Vielen Dank, Herr Abgeordneter Alt. - Für die Fraktion der SPD: Frau Abgeordnete Dr. Silke Lesemann!
Meine sehr geehrte Präsidentin! Meine Damen und Herren! Ich werde sicherlich auf Zustimmung stoßen, wenn ich sage, dass die niedersächsischen Hochschulen und Universitäten zentrale Orte der Wissenschaft und Motoren einer erfolgreichen und nachhaltigen Entwicklung in unserem Bundesland sind.
Die Stärkung von Wissenschaft und Forschung ist für die Modernisierung, für die Stärkung von Wirtschaft und Gesellschaft in Niedersachsen von herausragender Bedeutung.

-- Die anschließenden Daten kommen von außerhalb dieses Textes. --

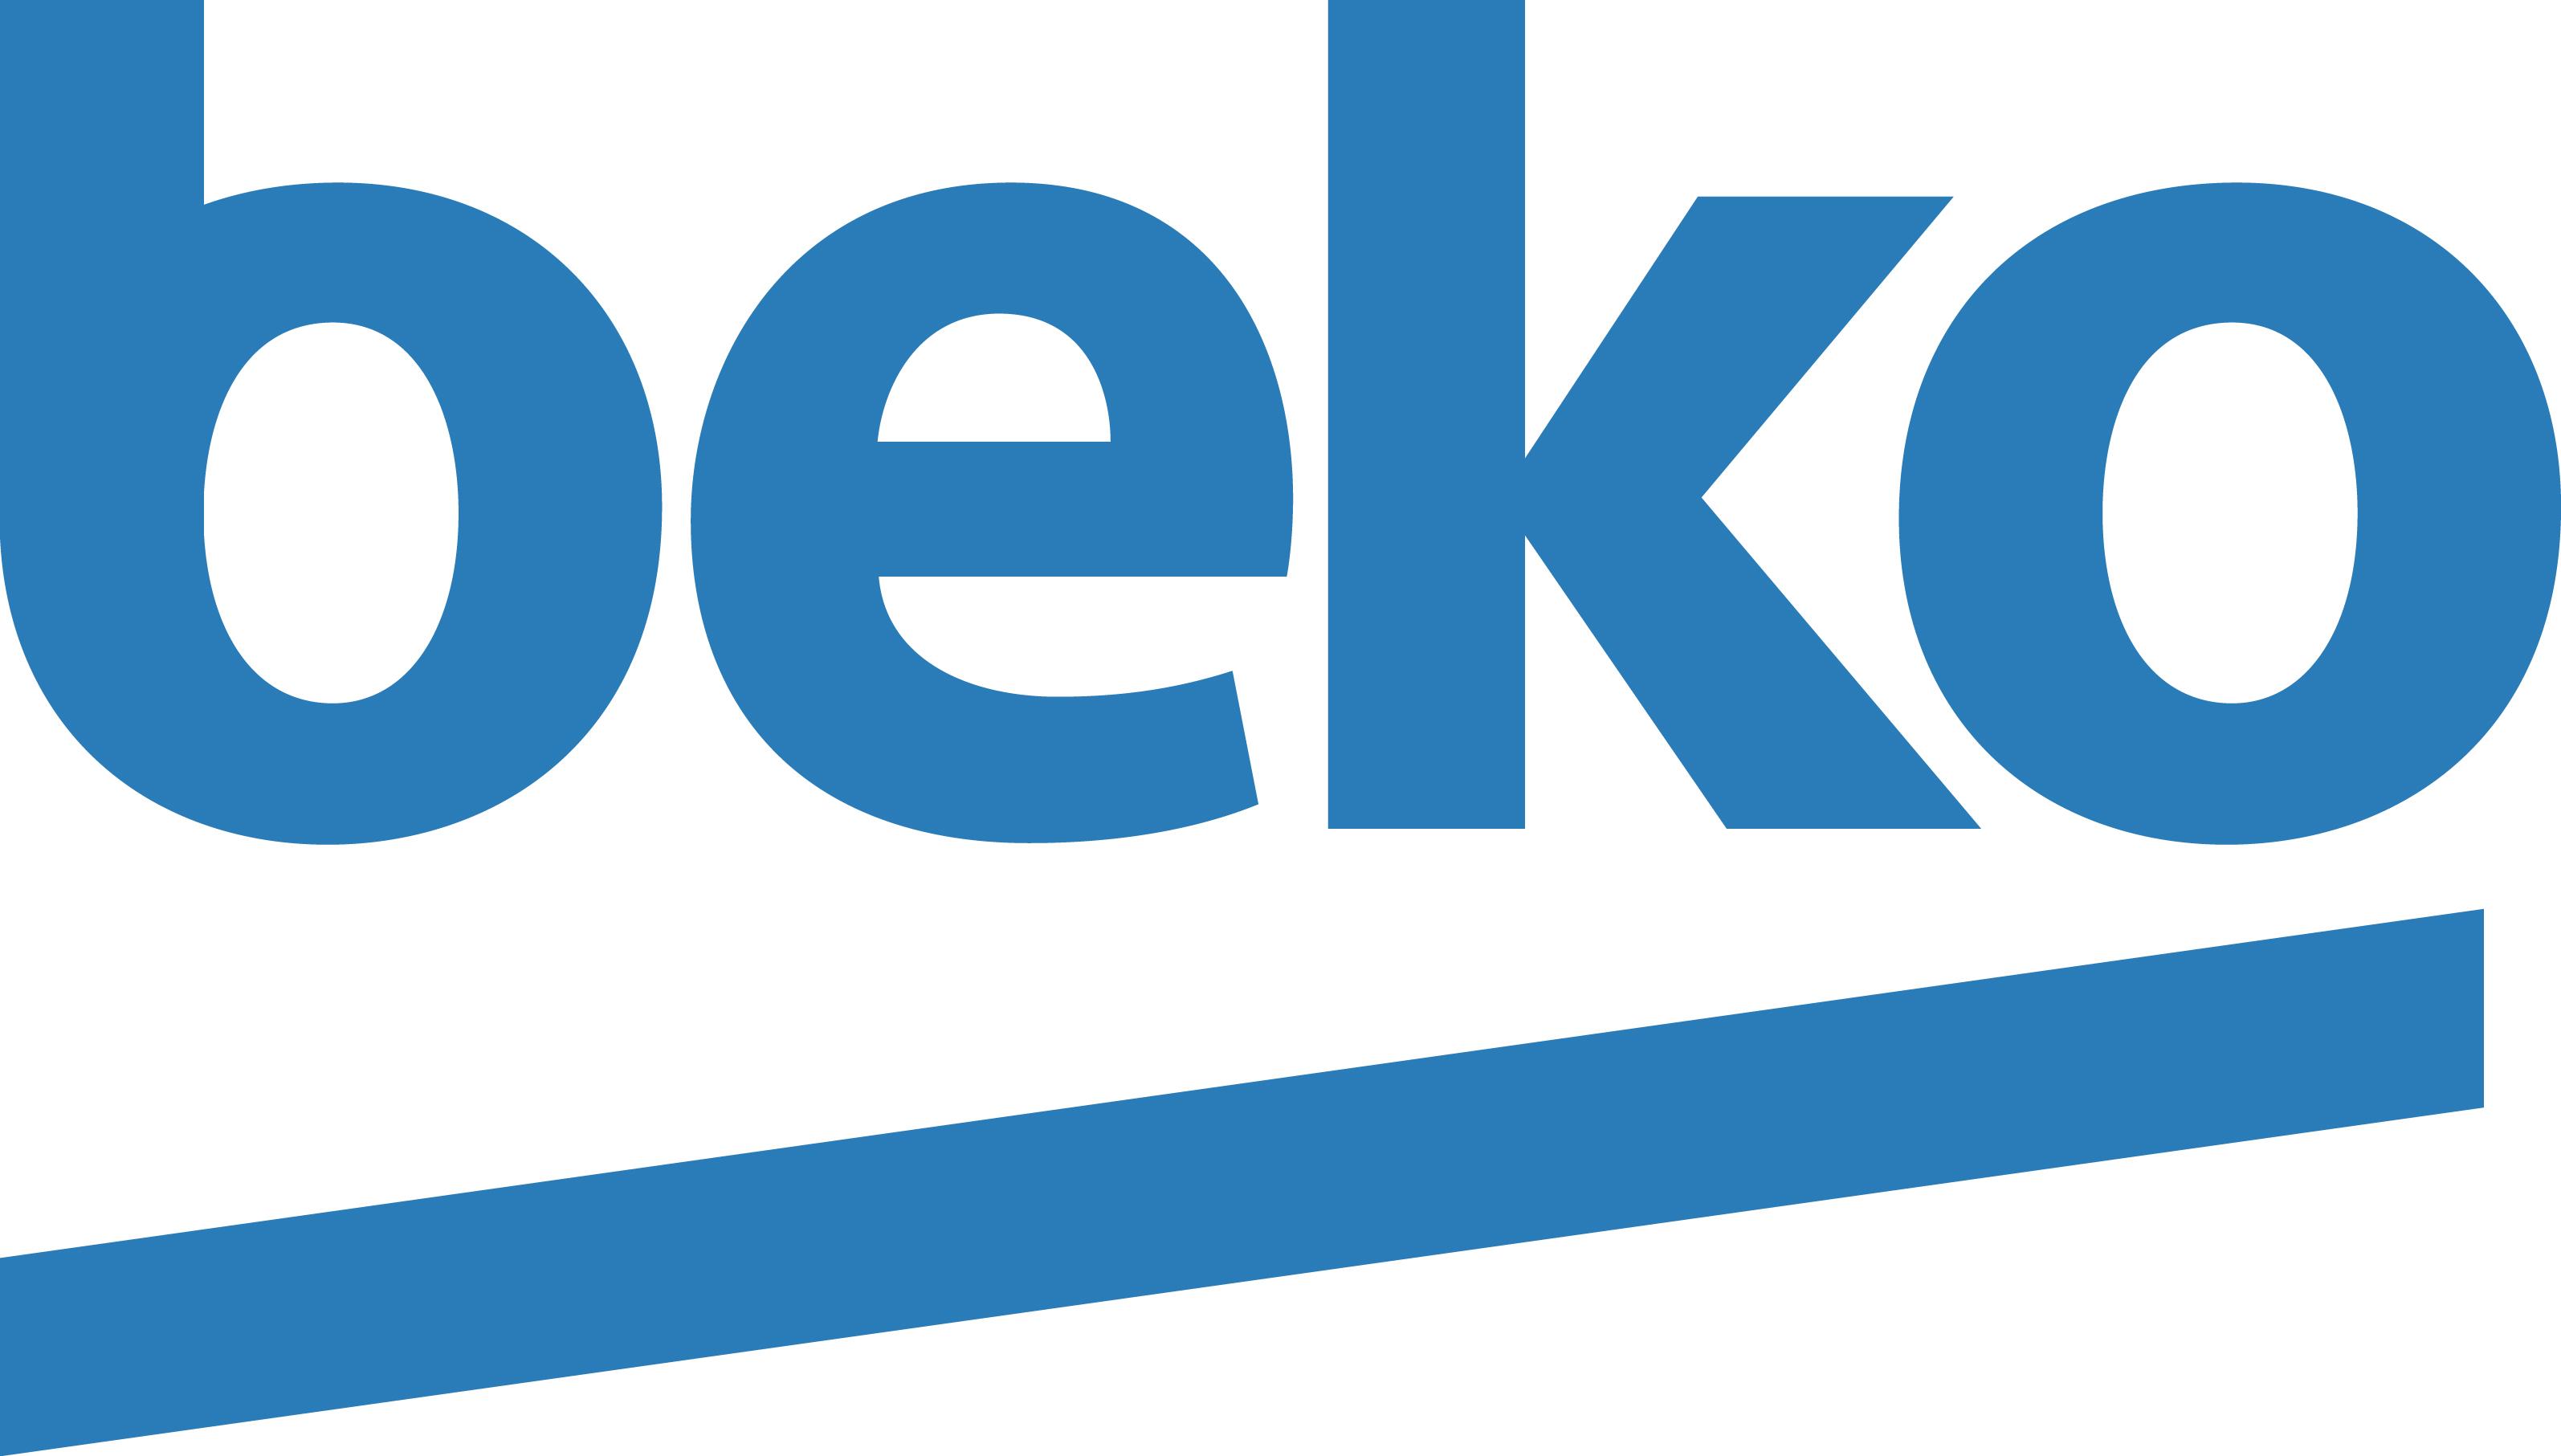 BEKO-new-logo

Wie wertvoll und wichtig Wissenschaft und Forschung für uns alle sind, haben gerade die aktuelle Corona-Pandemie und vor allen Dingen deren Bekämpfung gezeigt.

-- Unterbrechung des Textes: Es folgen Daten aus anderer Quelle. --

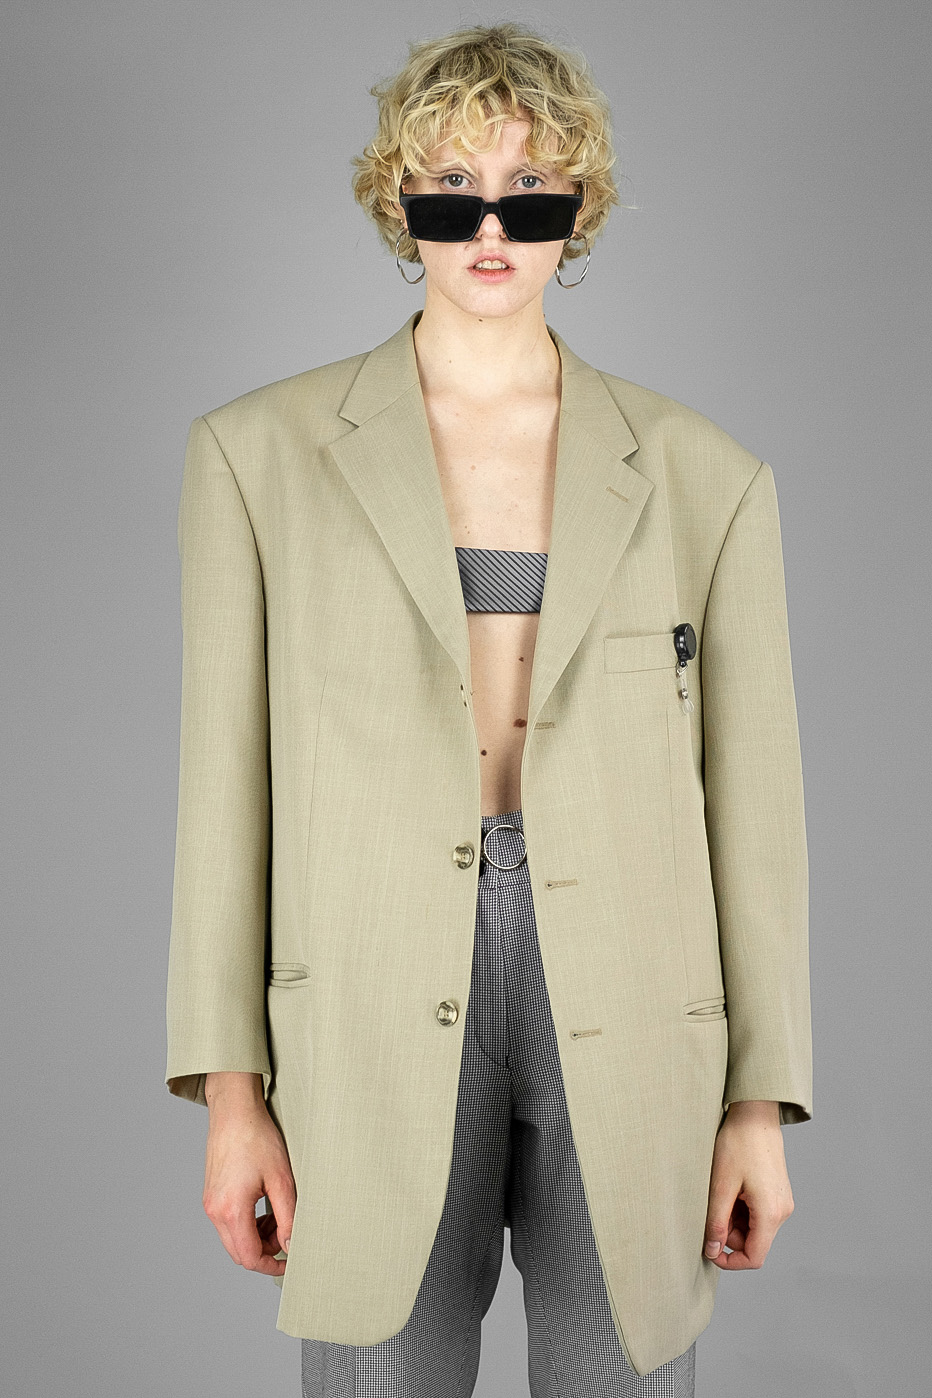 Odd Gig Jacket 4

Den gesetzlichen Handlungsrahmen für unsere Hochschulen gibt das Niedersächsische Hochschulgesetz vor. Dessen zeitgemäße Anpassung soll mit dem vorliegenden Entwurf mit Schwerpunkt auf der Stärkung der differenzierten Hochschulautonomie geschehen.

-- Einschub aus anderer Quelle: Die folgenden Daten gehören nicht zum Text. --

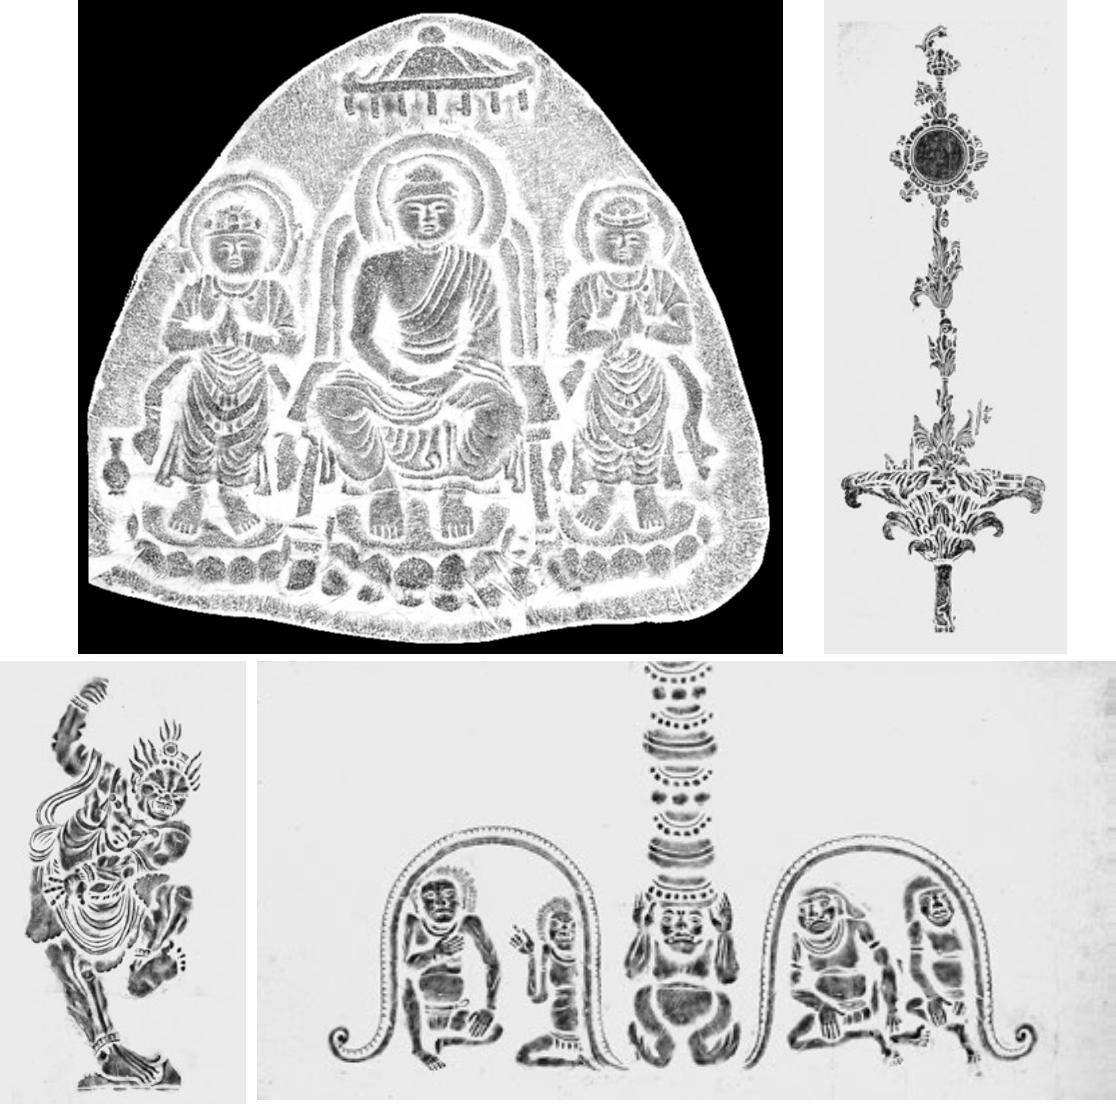 大和古寺の仏像・光背・装飾具のさまざまな拓本

Meine Damen und Herren, die niedersächsischen Hochschulen stehen mit Hochschulen anderer Bundesländer und auch international im Wettbewerb um Personal, Studierende und Drittmittel.
Neben der Ressourcenausstattung sind aber auch angemessene Handlungsspielräume entscheidende Erfolgsbedingung. Vor zwei Jahren hat beispielsweise die LHK ein Gutachten erstellt und dort verschiedene inhaltliche Rahmenbedingungen
identifiziert, die niedersächsische Hochschulen im Vergleich mit anderen Bundesländern im Wettbewerb um Personal, materielle Ressourcen und in ihrer je eigenen strategischen Ausrichtung in Bezug auf Lehre, Forschung und Tansfer einschränken.
Schwerpunkt auf die Eröffnung neuer Möglichkeiten gelegt, mit der die Profilierung und Schwerpunktsetzung der jeweiligen Hochschule weiterentwickelt und gestärkt werden kann. Dies betrifft insbesondere die Erweiterung der Exzellenz- und die Einführung einer Erprobungsklausel, die Möglichkeit der unbefristeten Übertragung des Berufungsrechts, erweiterte Spielräume für die Hochschulen bei der Zusammensetzung des Präsidiums sowie eine mögliche Erweiterung des Senats. Überdies soll der Bürokratieabbau vorangetrieben werden.
Mit solchen Überlegungen befindet sich das MWK im Geleitzug verschiedener Länder, die ähnliche Vorhaben angehen oder bereits angegangen und in ihren Hochschulgesetzen verankert haben. Die einschlägigen Gesetze von Berlin, Hessen, Bayern, Baden-Württemberg, Thüringen, Sachsen-Anhalt sehen dies beispielsweise bereits jetzt vor.
Hervorheben will ich die Einführung eines Studienorientierungsverfahrens zur Beratung von Studierenden, um Abbrecherquoten zu verringern. Das wird sicherlich auch infolge der Corona-Pandemie eine ganz wichtige Aufgabe sein. Dazu gehören aber auch Regelungen zur elektronischen Fernprüfung - Digitalisierung des Prüfungswesens - und zur Kooperation von Hochschulen mit Promotionsrecht und Fachhochschulen, die Promotionen durchführen wollen. Und denken Sie beispielsweise auch an die Aufwertung der Universitätsmedizin Oldenburg oder an die absichernden und guten Regelungen für Inhaberinnen und Inhaber einer Tenure-Track-Professur.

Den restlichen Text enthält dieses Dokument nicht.